# Characterizing the proteome of pathogenic IgA1-containing immune complexes in IgA Nephropathy

> **NIH NIH F31** · UNIVERSITY OF ALABAMA AT BIRMINGHAM · 2022 · $37,767

## Abstract

Project Abstract
IgA Nephropathy (IgAN) is an autoimmune glomerulonephritis that frequently results in kidney failure. IgAN is
characterized by elevated production of galactose-deficient immunoglobulin A1 (Gd-IgA1) being bound by an
immunoglobulin G (IgG) autoantibody specific for Gd-IgA1 to form IgA1-associated immune complexes (IgA1-
ICs) with additional proteins in blood. These complexes deposit in the glomerulus and cause kidney injury by
activating mesangial cell proliferation and breakdown of glomerular capillaries allowing protein or blood in the
urine. There is no worldwide screening and can only be diagnosed by renal biopsy. We know that the
immunoglobulins and the undefined blood proteins are necessary to the nephritogenic activity of the high
molecular weight IgA1-ICs, but we do not know what concentration, and variability of each protein nor the ratio
of immunoglobulins necessary for complex formation. The primary goal of my study is to quantify and establish
the ratios of immunoglobulins and blood proteins in the composition of IgA1-ICs in the serum of patients with
IgAN of opposing clinical spectrum in comparison to healthy controls. Our collaborative team has observed that
the addition of serum to the immunoglobulin nucleating factors is necessary for the formation of pathogenic ICs
that activate human cultured mesangial cells. The overarching goal of this proposal is that quantitative analysis
of serum IgA1-ICs will determine stoichiometry of immunoglobulins and other blood proteins involved in the
formation of IgA1-ICs in both progressing and stable disease patients with IgAN. In my recently submitted
manuscript, I identified 21 high-quality blood protein targets specifically enriched in IgA1-ICs isolated from IgAN
patient serum. When comparing the identification of proteins and their corresponding enrichment in the IgA1-ICs
to the other uncomplexed forms of IgA1 control fractions (monomeric and polymeric IgA), we observed that each
fraction clustered by molecular form, showing the value of our sample prep and innovative fractionation of serum.
Based on preliminary data, I hypothesize the ratio of IgA1 to IgG autoantibody is discreet and can be determined
by targeted LC-MS quantitative analysis, polymeric IgA1 is the predominant molecular form of IgA1 involved in
complex formation and complement cascade activation factors are present in complex composition at a higher
ratio than immunoglobulins before deposition into the kidney.
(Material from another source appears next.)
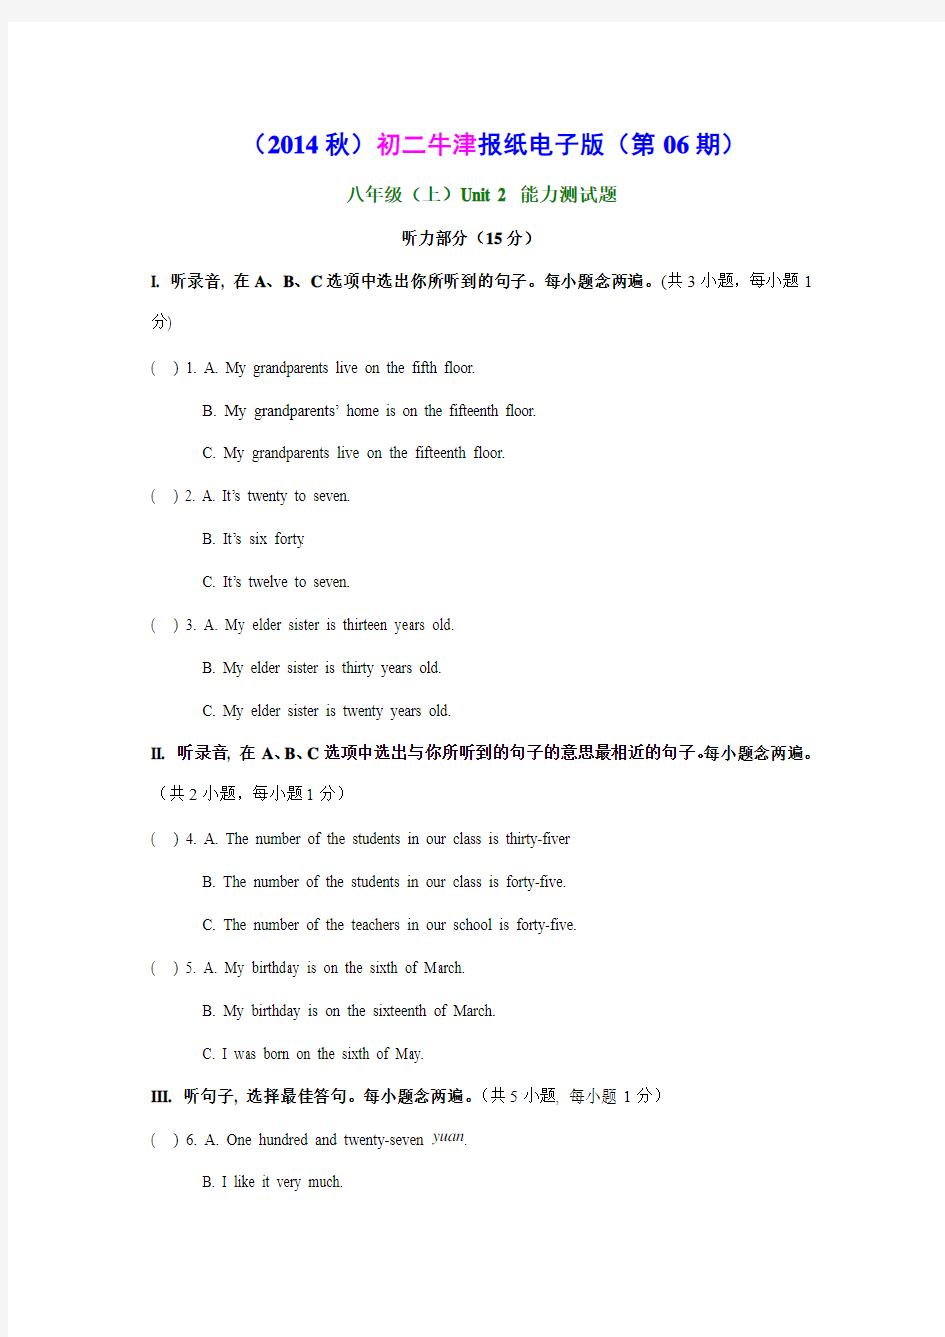 (2014秋)八年级报纸电子版·牛津深圳版(第06期)
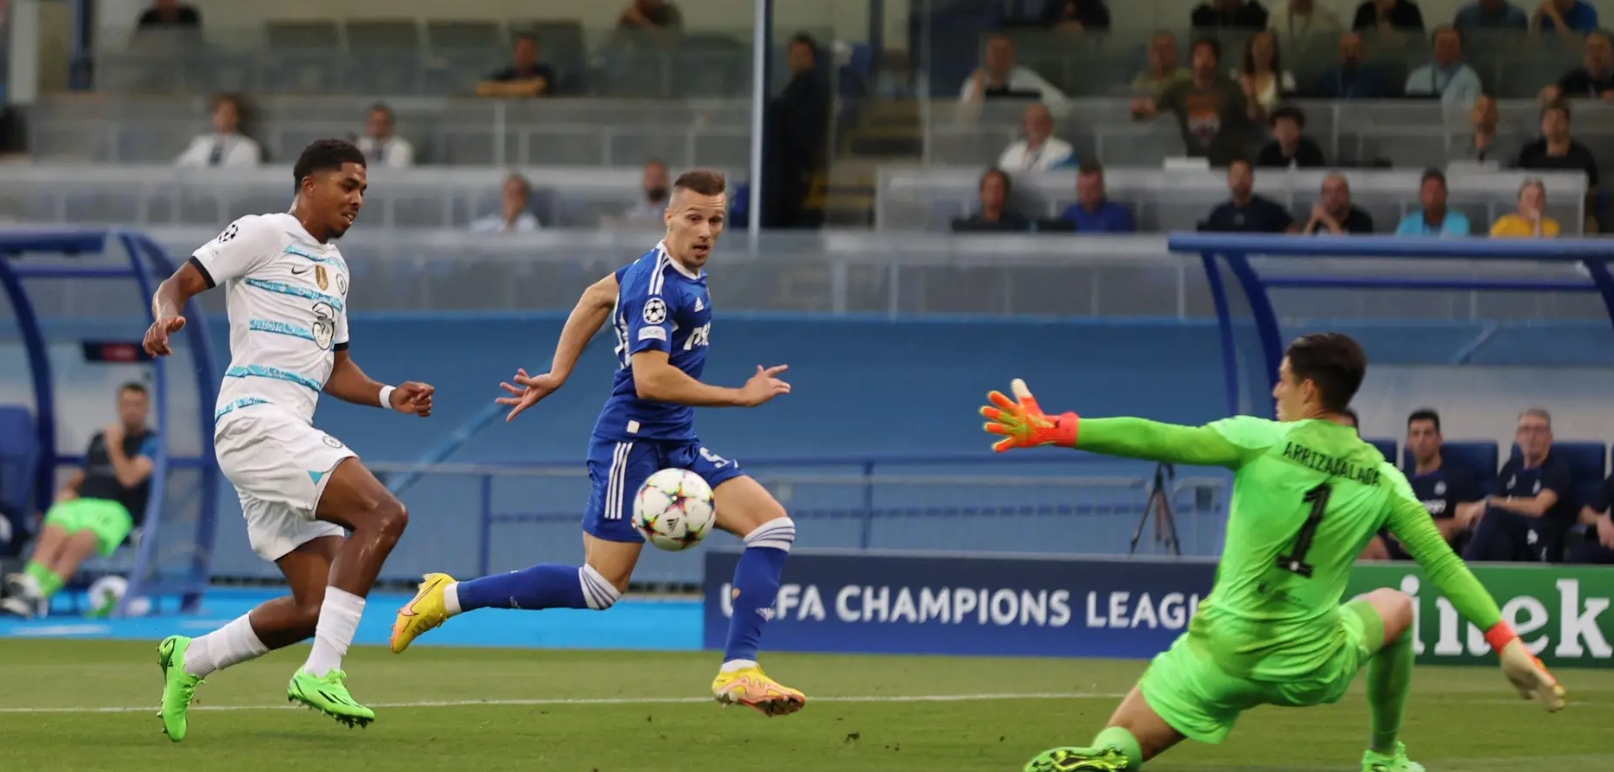 Senzacija na Maksimiru: Dinamo srušio engleskog velikana Chelsea!

Throughout the global pandemic, the world has
learned of the importance of disease screening, the variability of disease presentation, and the daily fear that
immunocompromised populations live in. Being a researcher in IgA Nephropathy, I have been aware of these
realities in IgAN patient populations prior to COVID-19. This has fueled my dedication to answering important
questions in the IgAN field and understanding this crucial part of pathogenesis of IgA1-IC formation for the sake
of future development ...

## Key facts

- **NIH application ID:** 10536410
- **Project number:** 1F31DK127833-01A1
- **Recipient organization:** UNIVERSITY OF ALABAMA AT BIRMINGHAM
- **Principal Investigator:** Mary Cunningham
- **Activity code:** F31 (R01, R21, SBIR, etc.)
- **Funding institute:** NIH
- **Fiscal year:** 2022
- **Award amount:** $37,767
- **Award type:** 1
- **Project period:** 2022-07-15 → 2024-07-14

## Primary source

NIH RePORTER: https://reporter.nih.gov/project-details/10536410

## Citation

> US National Institutes of Health, RePORTER application 10536410, Characterizing the proteome of pathogenic IgA1-containing immune complexes in IgA Nephropathy (1F31DK127833-01A1). Retrieved via AI Analytics 2026-05-24 from https://api.ai-analytics.org/grant/nih/10536410. Licensed CC0.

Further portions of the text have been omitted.